Here, the topic of anti-Americanism in Russia and Russophobia in the United States can’t be ignored. Both track their roots to the legacy of the Cold War and both have designated cheerleaders among hardliners at home. Neither can be uprooted without a conscious, steady effort of enlightened elites. Some recent developments give reason for cautious optimism in this area. Addressing the participants of the World Russian Forum, Ambassador William Courtney—former U.S. Ambassador to Kazakhstan and Georgia—presented the idea of creating a Russia Society, an organization with a stated goal of promoting understanding of Russia in the United States. Equally promising is the creation—by a group of liberally-minded Russian politician and civil activists—of a Center for U.S.-Russian Rapprochement, whose mission is to eradicate the rampant anti-Americanism penetrating the Russian society.

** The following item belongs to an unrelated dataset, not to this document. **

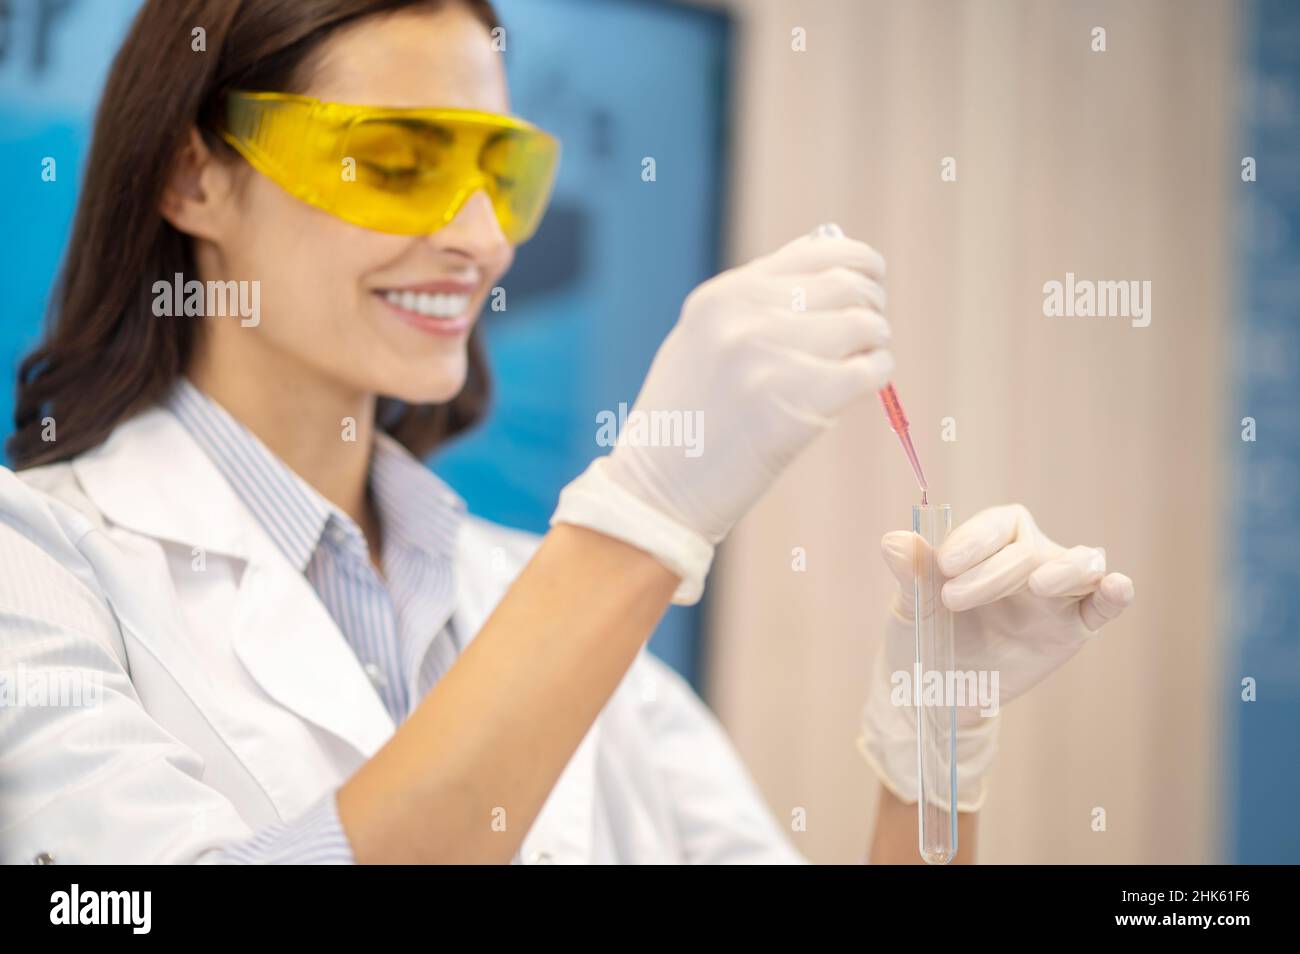 Femme faisant une expérience de chimie avec un tube à essai Banque D'Images

Yet another long-overdue move that Russia should make to improve its relationship with the United States is to begin promoting its interests in Washington using professional lobbyists. A functional pro-Russian lobby could be able to insulate U.S.-Russia relations from frequently changing political configuration in Washington, be it at the White House or in Congress. At the very least, Russia must show to its American partners that it understands the rules of the game that is being played in Washington. Wins will follow.
Eugene Ivanov is a Massachusetts-based political commentator who blogs at The Ivanov Report.